New Jersey Considers Little Cigar Tax
Bill seeks to tax little cigars like cigarettes
Published in Tobacco E-News
A bill under consideration in New Jersey is seeking to even the playing field of cigarettes and little cigars, by taxing them the same.
"The additional tax will make little cigars less appealing to current cigarette smokers seeking a cheaper alternative," reads the bill proposed by State Senator Paul Sarlo (D-Bergen, Essex, Passaic), according to The Press of Atlantic City.
New Jersey's $2.70 per cigarette pack state excise tax makes it the sixth highest in the country. In 2010, the Office of Legislative Services estimated that the bill would increase tax revenue from $6 million to nearly $9 million. The office also estimated that more than 5 million packs of little cigars were sold in fiscal 2010.
Although New Jersey collected nearly $742 million in cigarette taxes last year, it was a 4% drop, or $33.1 million less than 2008, according to state Treasury Department data.

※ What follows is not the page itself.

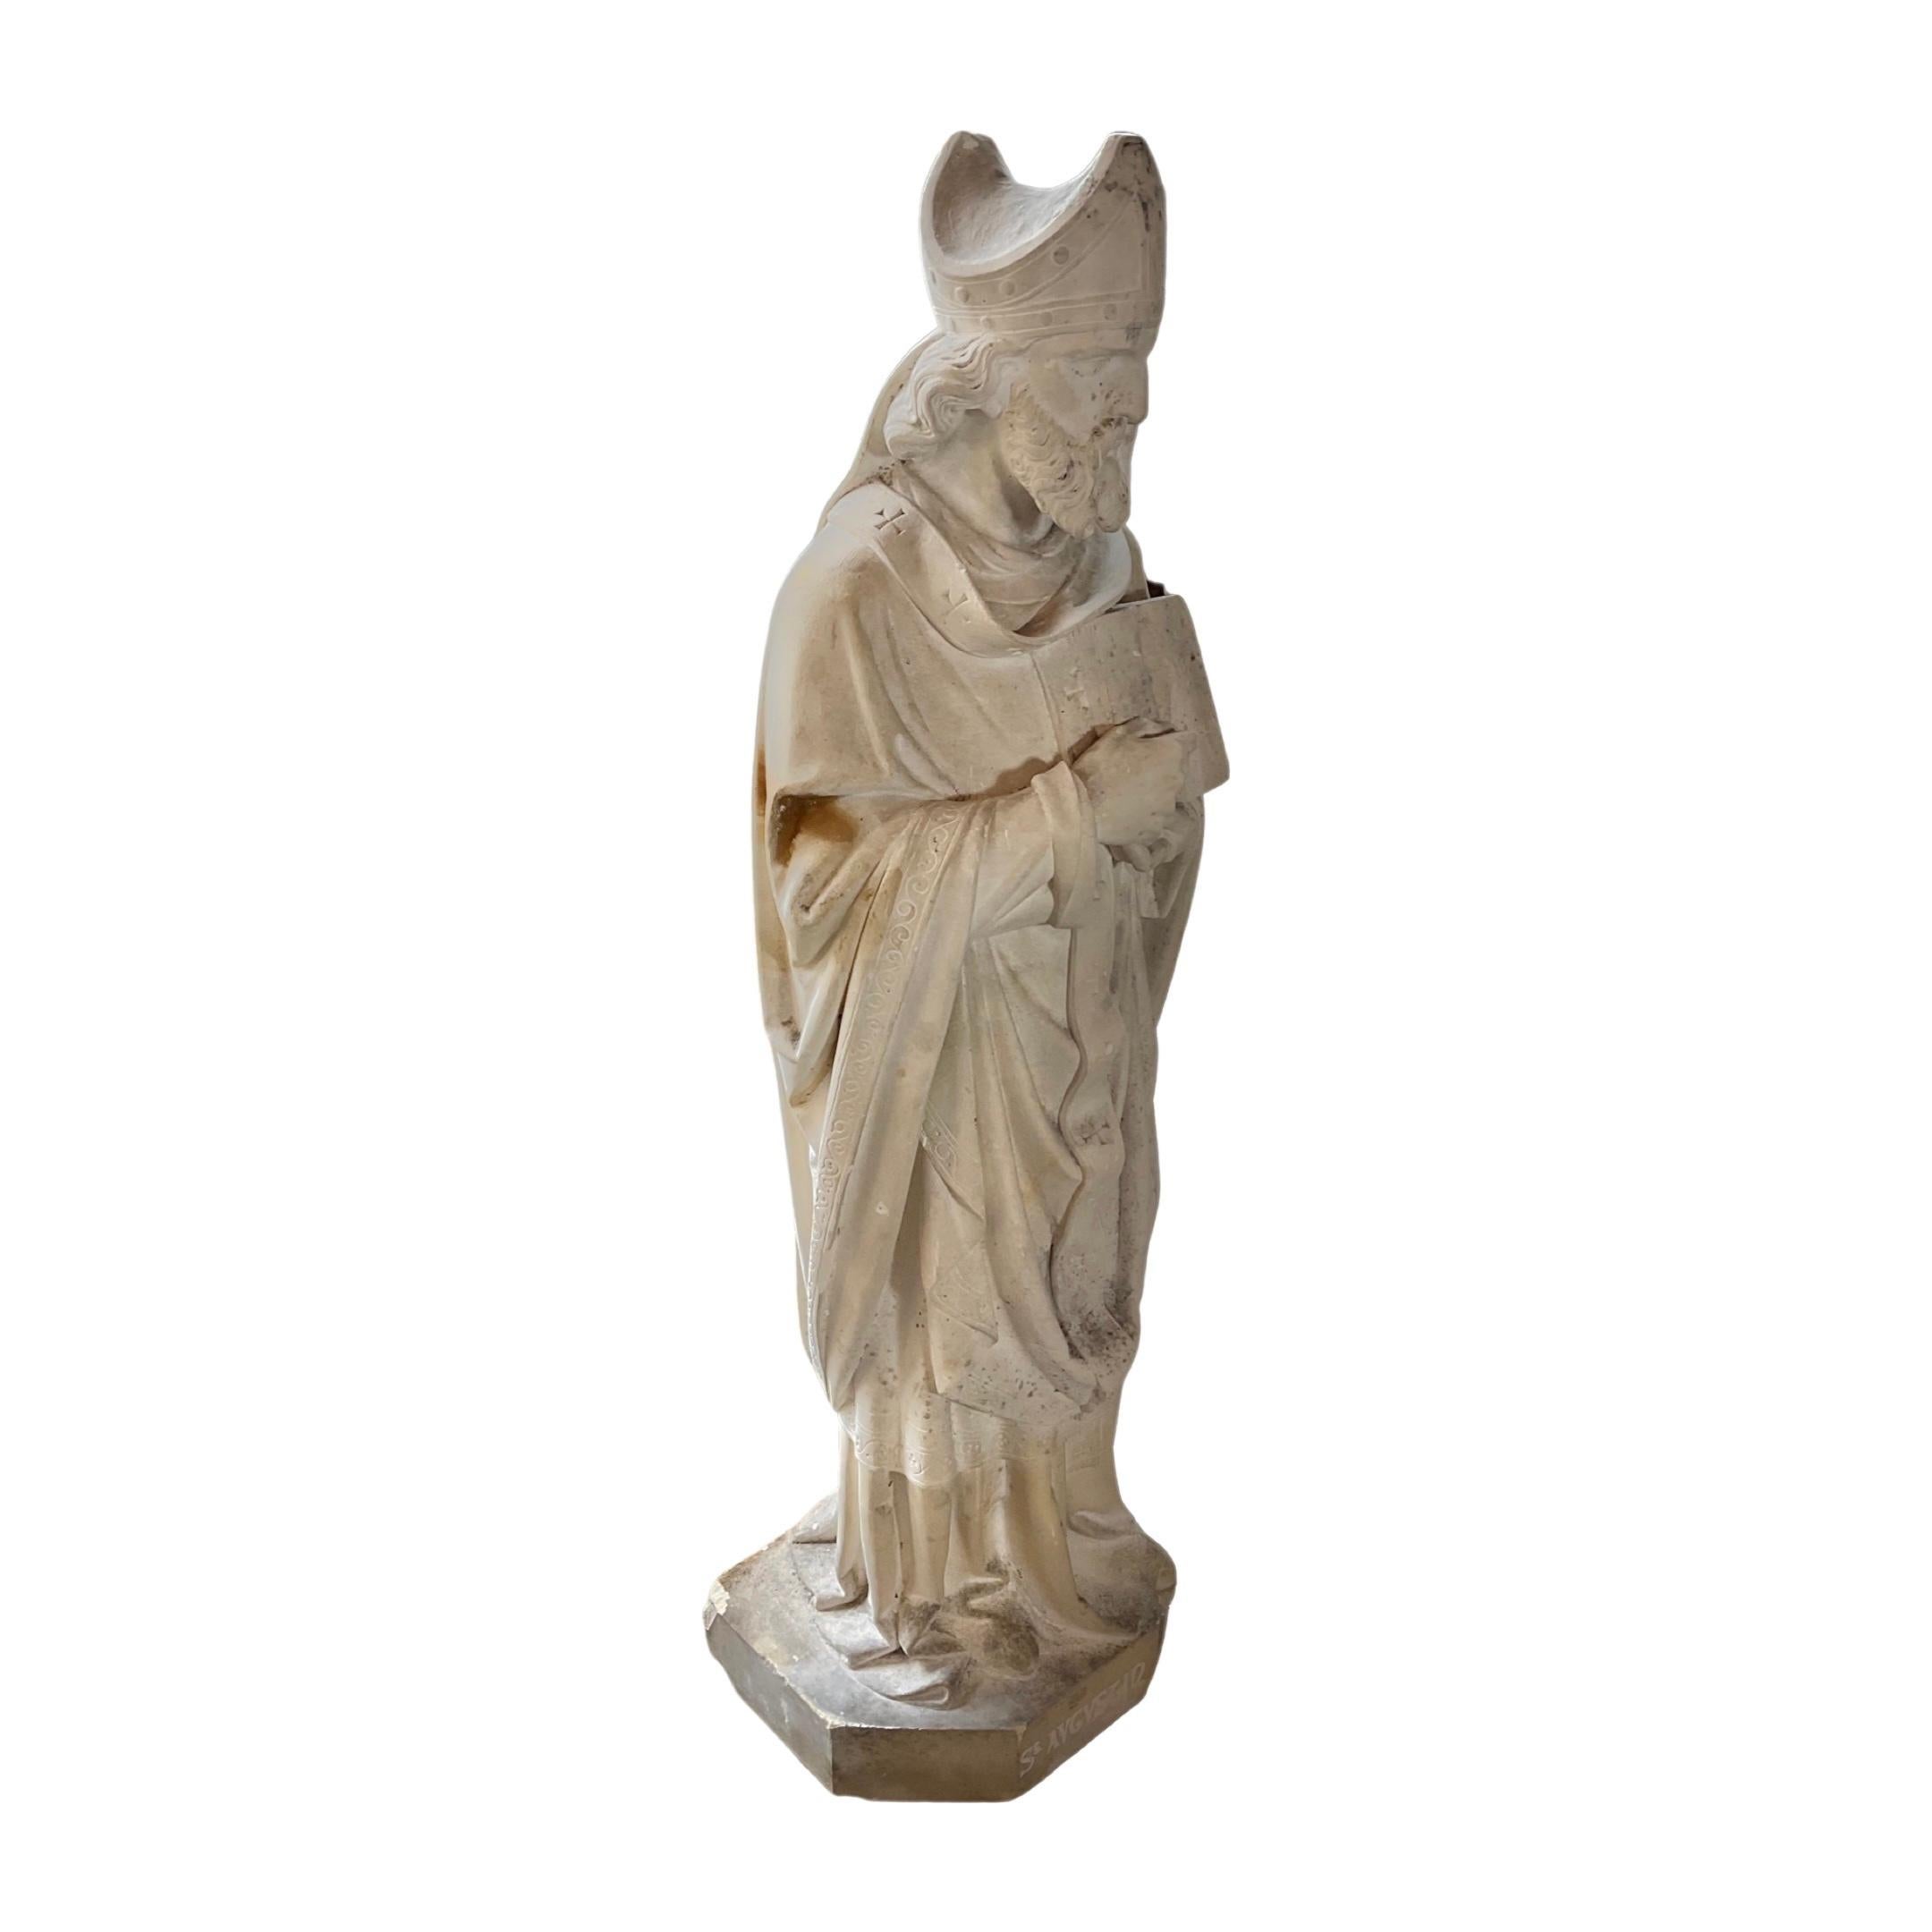 This 17th century French Limestone Saint Sculpture is evidence of extraordinary artistic proficiency, expertly crafted from French Limestone in order to maintain its artistic integrity.

Revenue from other tobacco products, however, went up 26% in that time frame -- generating $3.7 million more, despite lower tax rates. The state has a wholesale tax on those products that is 30% of the price the wholesaler pays the manufacturer.
One retailer, who has come to rely on the higher-margin sales of little cigars, told the paper, "People will still buy them, as long as they're reasonable enough. … As long as there are savings involved, I think a market will still be there."